There is increasing understanding that social determinants — ranging from poverty and illiteracy to unstable housing and lack of transportation to domestic violence — create tangible barriers to wellness. Even when healthcare providers do everything right in terms of accurate medical diagnoses, proven care plans and effective care coordination, social determinants inhibit a patient’s ability to pursue and reach treatment goals.

During the past five years, the spotlight has shifted to improving the experience of care, improving the health of populations, and reducing the per capita cost of healthcare – the so-called Triple Aim. All of these efforts have fallen short in accounting for the true impact of social determinants in. Though social workers have been heralding this message for years, only recently have other healthcare stakeholders recognized the need for integrated behavioral health in specialty care been recognized – a good first step and real progress.

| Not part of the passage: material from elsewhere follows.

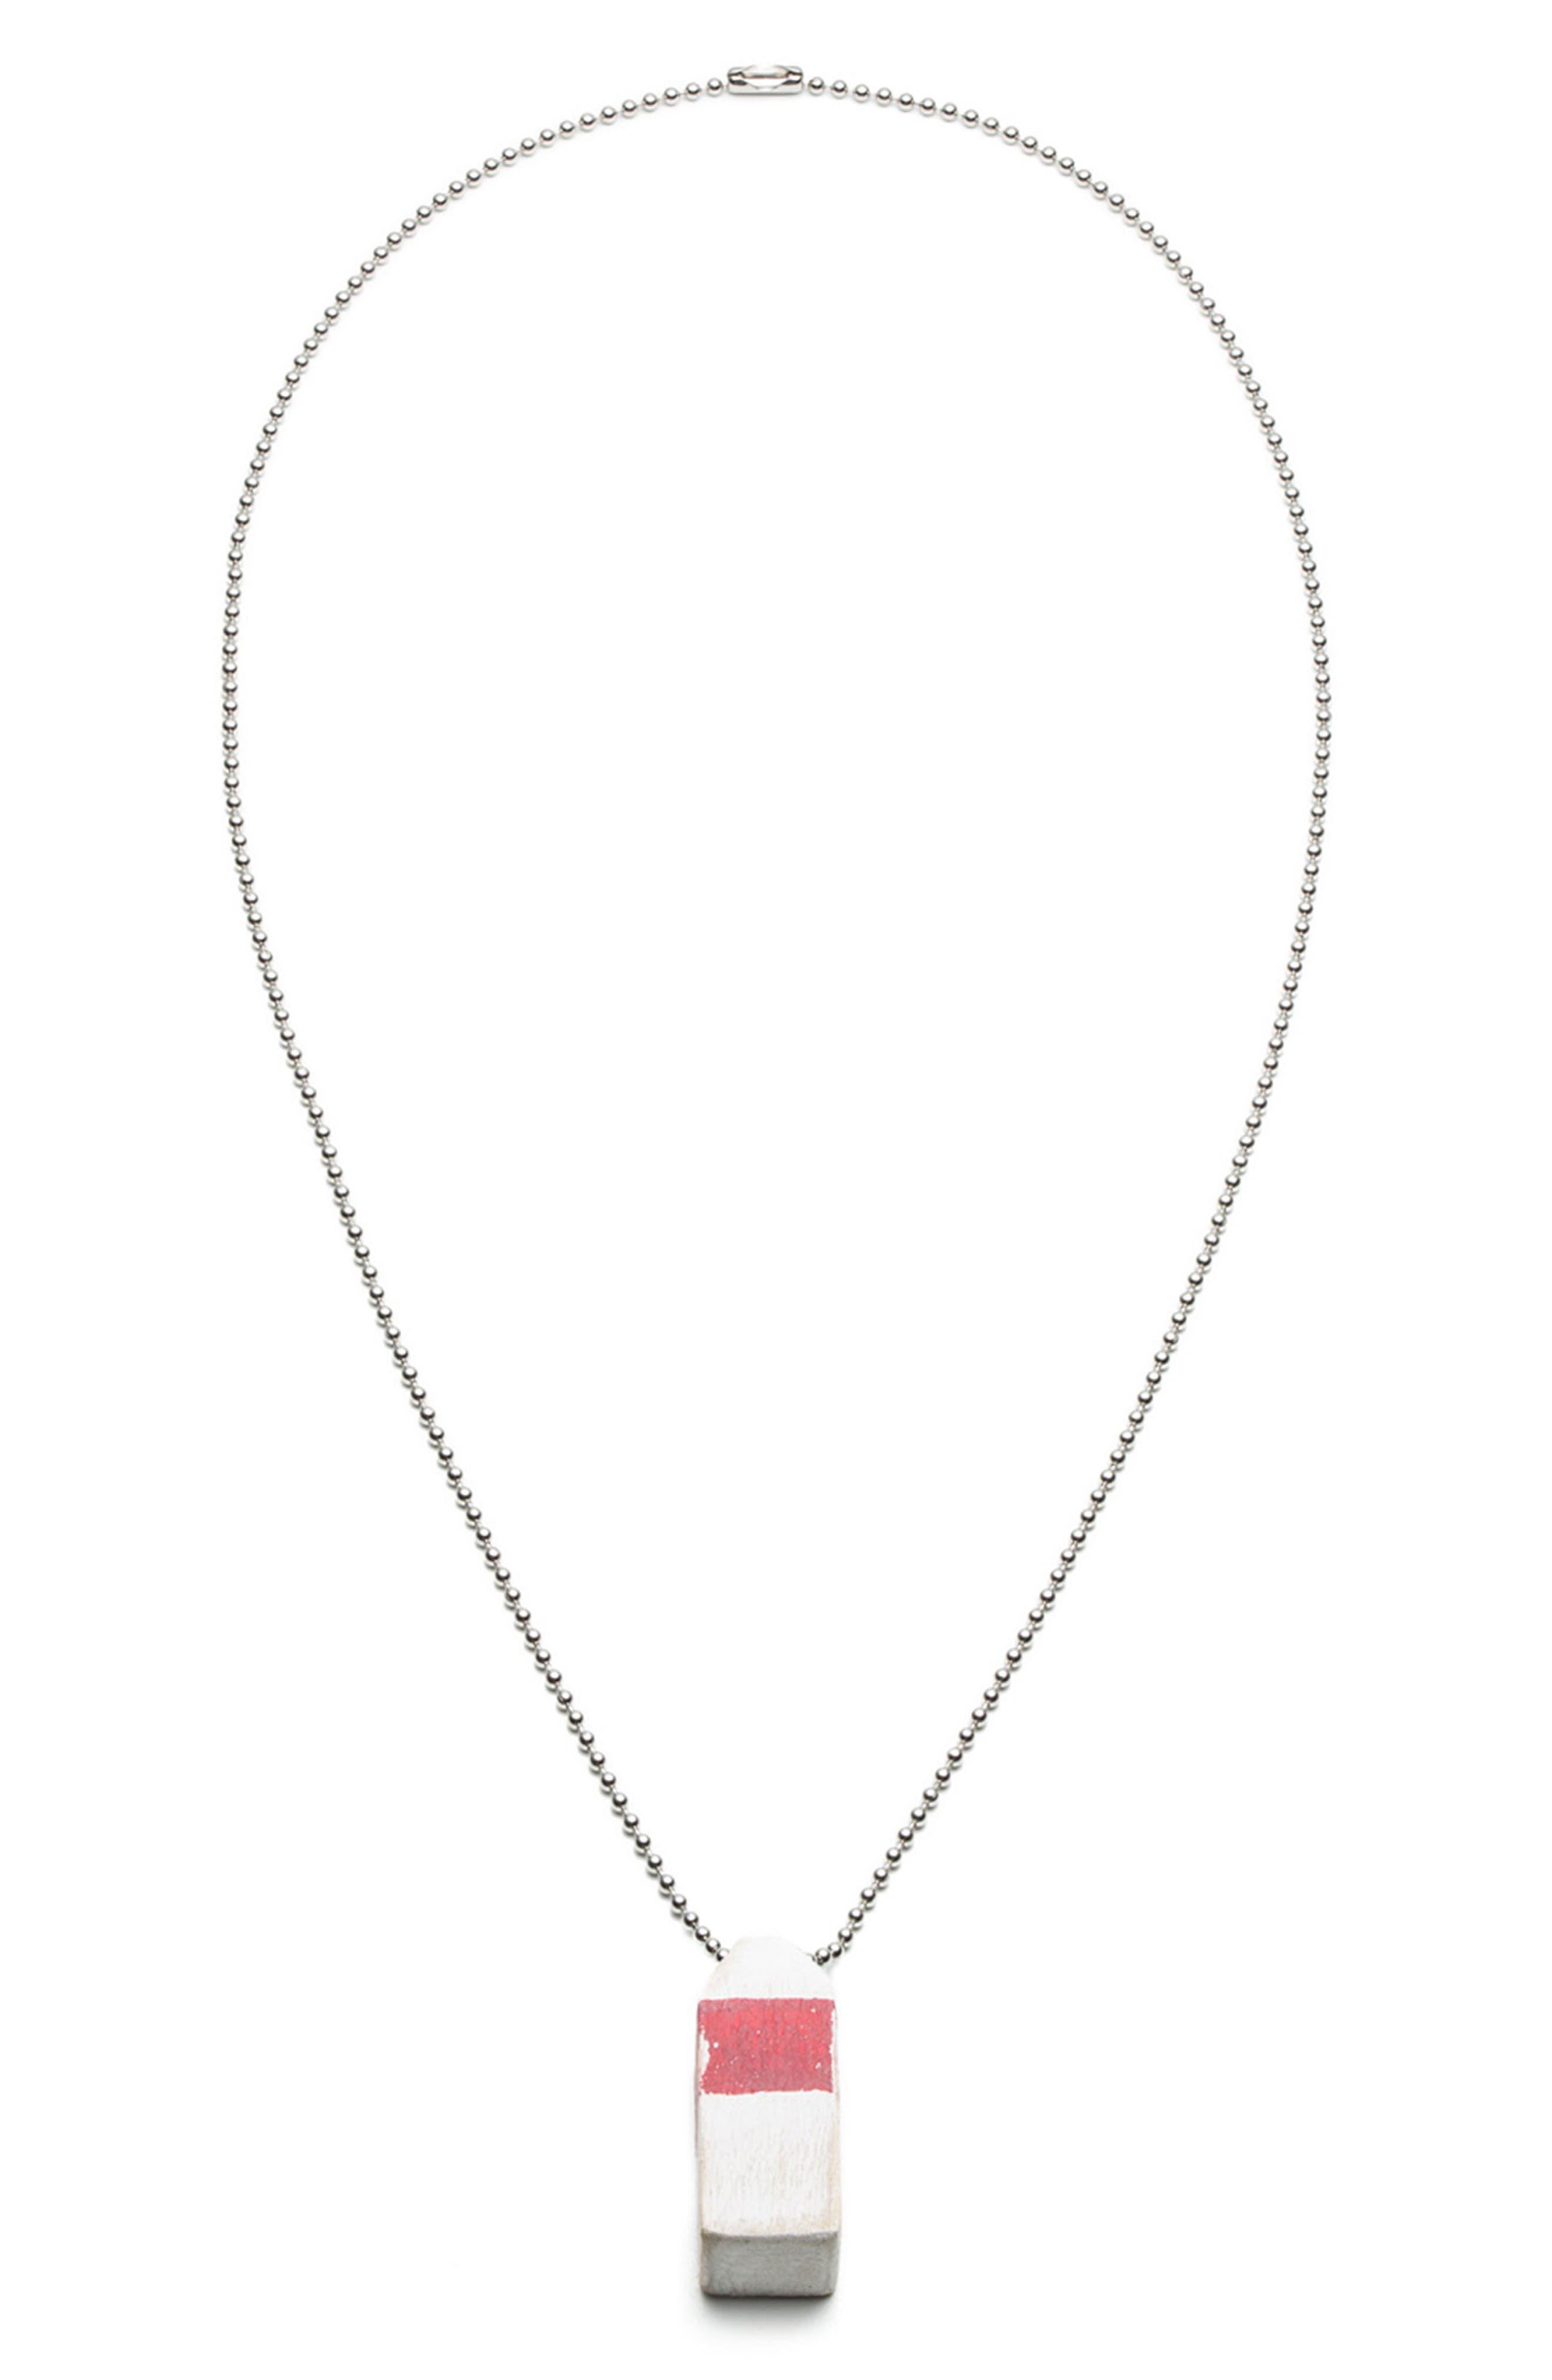 Buoy Pendant Necklace,                             Main thumbnail 2, color,

What are Social Determinants of Health?

The CDC defines social determinants of health (SDOH) as “conditions in the places where people live, learn, work and play that affect a wide range of health risks and outcomes.” Research confirms that SDOH contribute to an elevated burden of disease in children, as well as to increased risk and severity for heart disease and stroke. Further, factors such as race and/or ethnicity and household income are predictors of unplanned pediatric surgical readmissions (see also Auger, Simon et al and Nakamura, Toomey et al).

Collecting Social Determinants: What Healthcare Organizations Can Do

There are several proven instruments for gathering SDOH, including:

  • The Patient Centered Assessment Method (PCAM) assesses patient’s lifestyles and behaviors, mental state, social environment, health literacy as well as communication and care coordination needs. Care managers and care coordinators often use PCAM. Initial validation studies are promising.
  • The EveryONE Project SDOH Screening Tool has a long and short form and is available in Cordata’s care coordination product.

Social Determinants Plans in Action

Leading healthcare organizations social determinants on their radar, as was clear from many presentations at the 2018 JP Morgan Healthcare Conference:

“As Intermountain shared: “Zip code is more important than genetic code.” To that end, Geisinger refers to their focus on “ZNA.” They have deployed community health assistants, non-licensed workers who work on social determinants of health and have implemented a “Fresh Food Farmacy,” yielding a 20 percent decrease in hemoglobin A1c levels along with a 78 percent decrease in cost. Organizations like ProMedica Health System in Ohio have seen similar results with their focus on hunger in Toledo. WakeMed has an initiative focused on vulnerable populations in underserved communities that has resulted in a significant decrease in ER visits and admissions and over $6 million in savings.”

It’s important to note that in 2014 the Institute of Medicine (IOM) recommended that 12 social determinants be included in all electronic health records as part of Meaningful Use 3.

Again, all this is progress. Social determinants are significant barriers to care and must be managed more effectively than in the past if patients are to achieve treatment goals and if healthcare organizations are to achieve quality clinical and financial outcomes.